There are numerous research studies that confirm the destructive outcomes of toxic chemicals in aquatic environments. Furthermore, the adverse impacts of these substances are both broad and diverse. For example, PAHs have been found to cause heart defects in herring and pink salmon embryos and when zebrafish absorbed PAHs through their skin, their hearts were severely malformed. Turtles experience signs of liver damage and are immunocompromised when found with high concentrations of PFCs. Concentrations of pesticides can modify the physiology, behavior, learning, and ability of fish to escape predators. Similarly, small amounts of metals such as mercury and zinc reduce the swimming rate of crab and fish larvae. Phthalate esters, PCBs, and pesticides have been found to have detrimental effects on the survival, growth, behavior, and reproduction of marine fish and shellfish.
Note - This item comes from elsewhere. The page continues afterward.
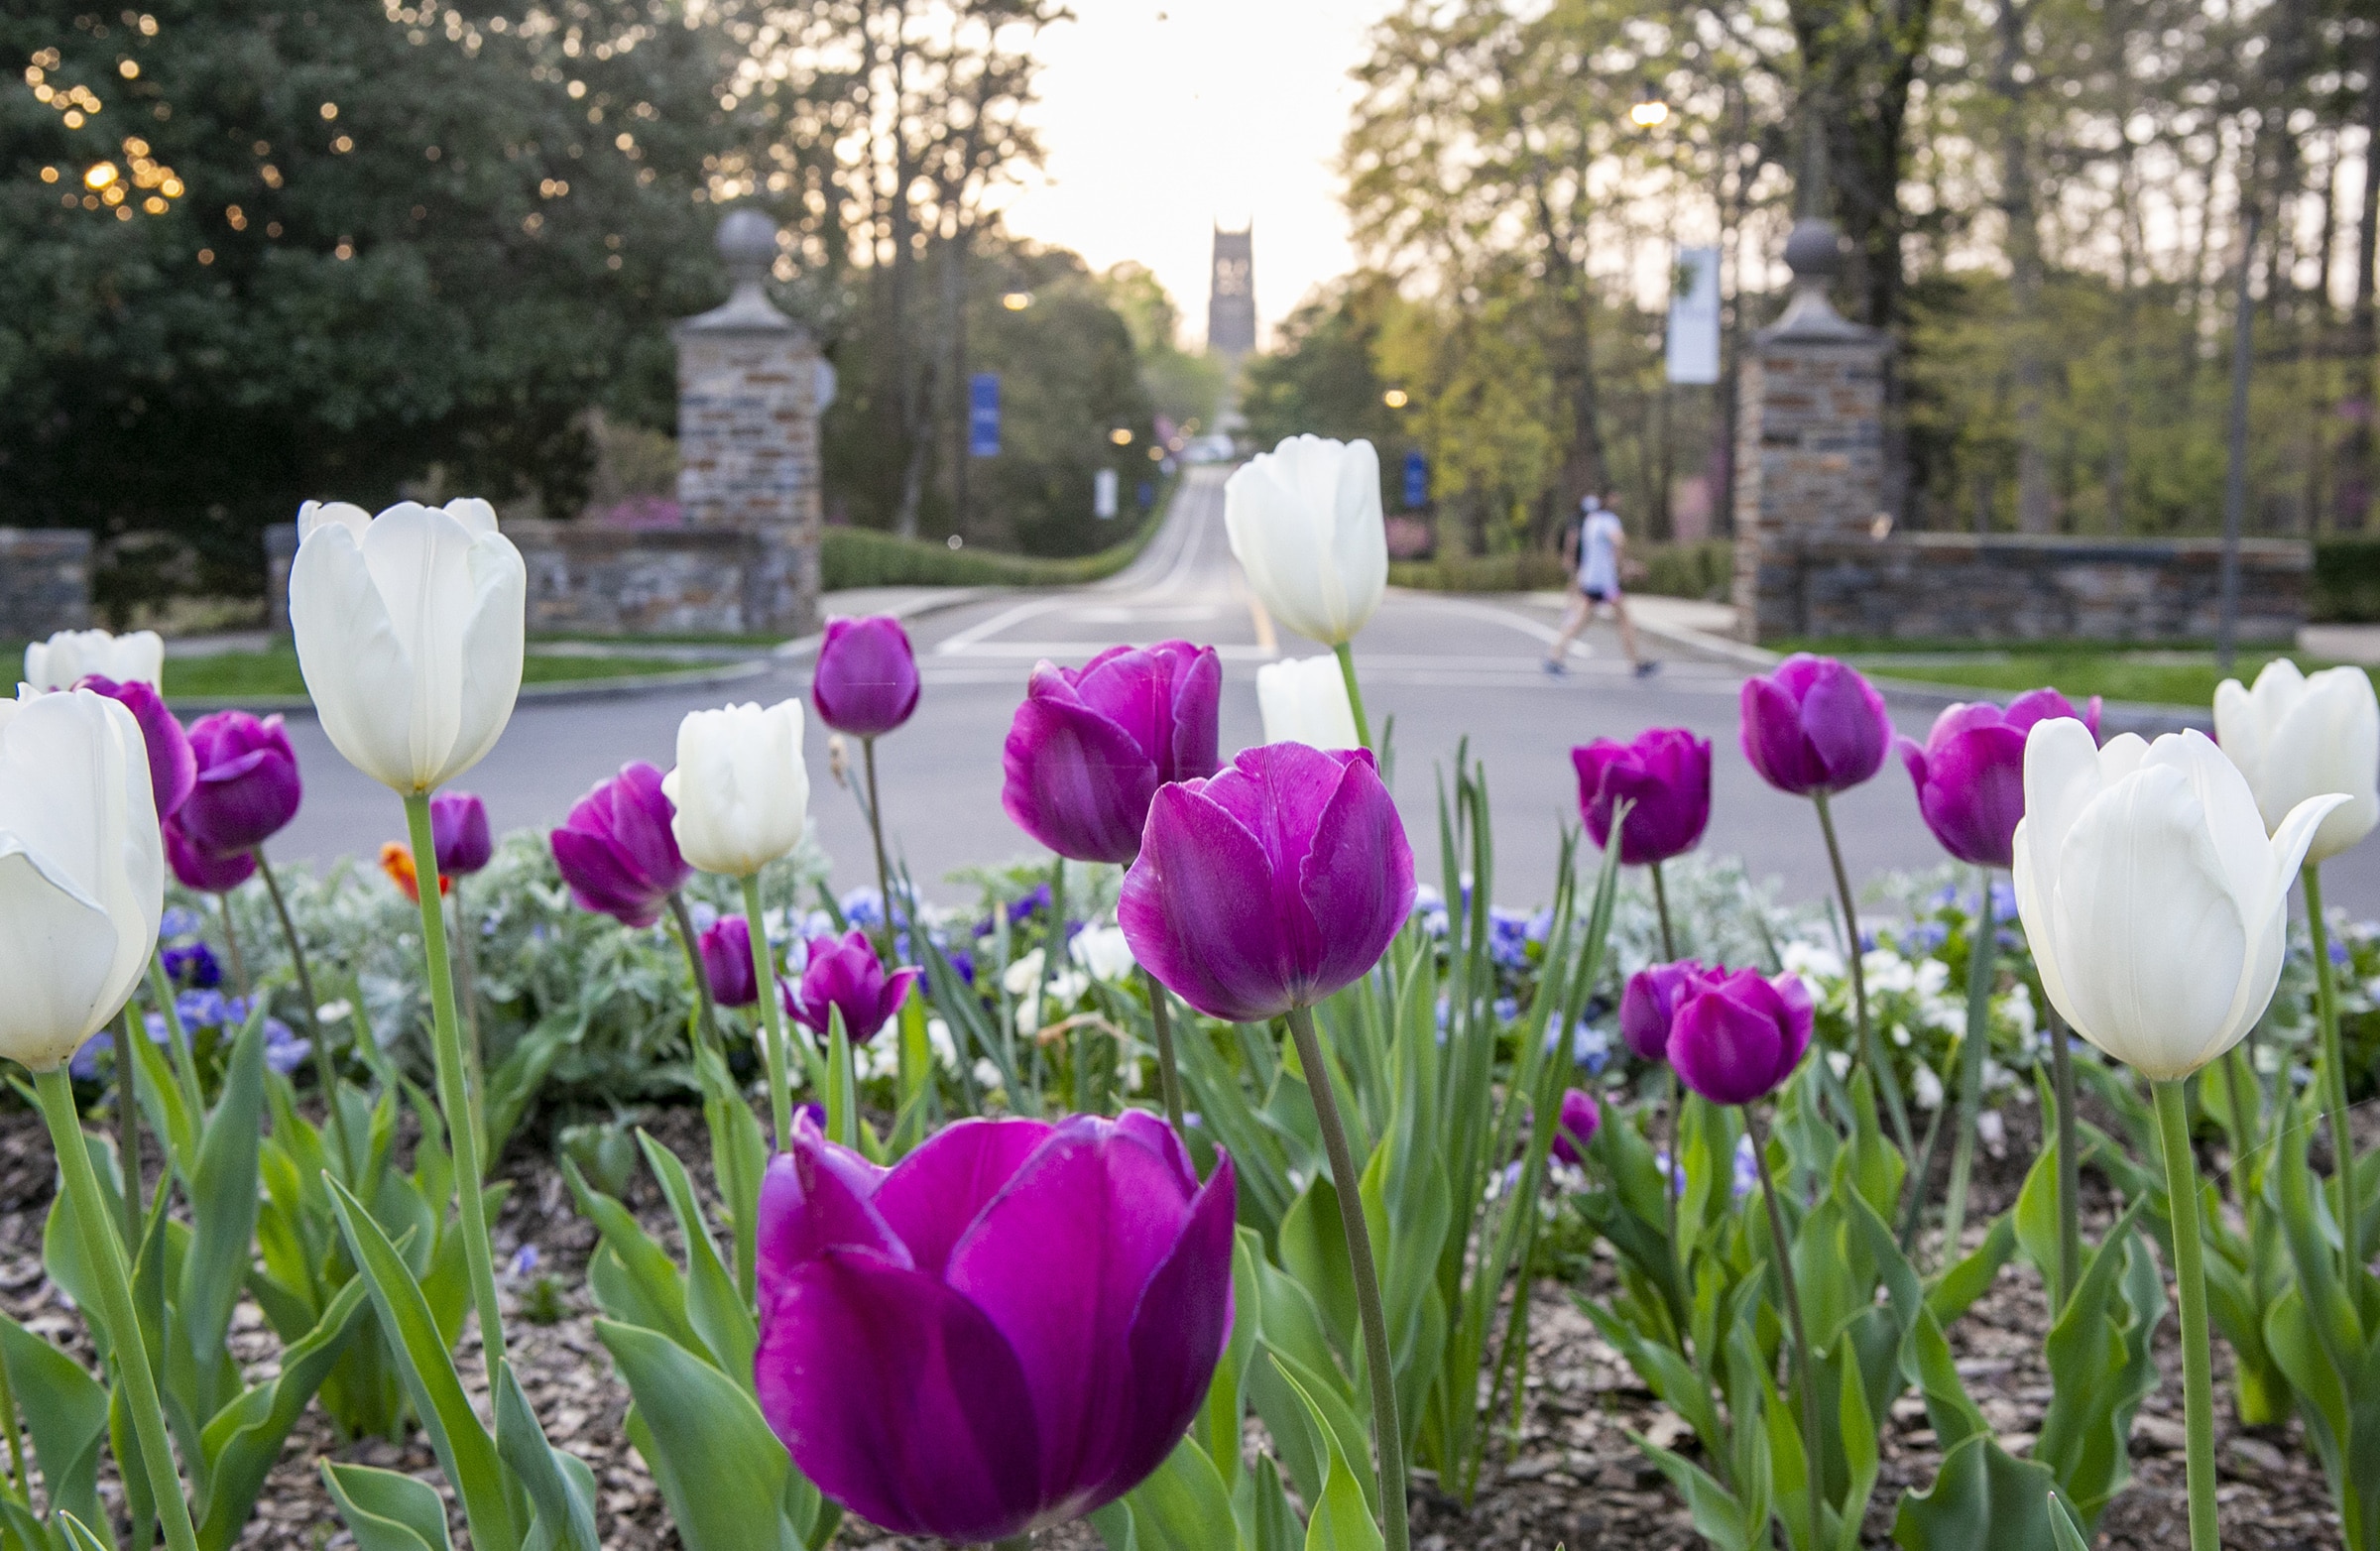 Tulips beautify the traffic circle in front of Duke Chapel during a sunny Spring evening.

Given that it is now known that these chemicals have harmful consequences for both freshwater and marine animals, some studies have questioned whether small doses would be less damaging. The results show that even in low doses, there can be biological effects. Furthermore, the effects can be indirect as well as direct. When toxic chemicals are present in the environment, organisms can absorb them through their skin or ingest them. The toxins then travel up the food chain, via consumption and the food web, and as a result, larger animals such as fish, birds, and mammals accumulate the toxins in higher concentrations.
With all of this knowledge, information, and research, the problem then becomes how we can fix this issue. As individuals, there are actions that can be taken to help lessen the negative impacts of toxic chemicals on aquatic life. Individuals can practice eco-friendly landscaping and gardening methods by eliminating the use of fertilizers and pesticides. Waste, such as paint and oil, can be disposed of properly at a public waste facility. People can choose organic food and products which helps to support the position of less pesticide use by farmers and other producers. Rain gardens also help to prevent soil erosion and chemical runoff by filtering pollutants. At the municipal level, treatment plants can work to remove more of the chemicals in wastewater before they enter the environment, given that many of these substances are ending up in aquatic habitats due to insufficient filtering at the plant. At the governmental level, incentives could be initiated for a variety of improvements. Farming businesses could receive incentives to reduce the use of pesticides and fertilizers. Manufacturers could receive incentives for better chemical containment or research to develop and employ less harmful chemicals. Lastly, research can be done preemptively on chemical substances to determine their effects on aquatic environments prior to their production and use. Unfortunately, a significant amount of damage has already occurred. In order to reverse or at least minimize the negative impacts of chemicals on freshwater and marine wildlife, effective and consistent actions must be taken by individuals, organizations and governments worldwide.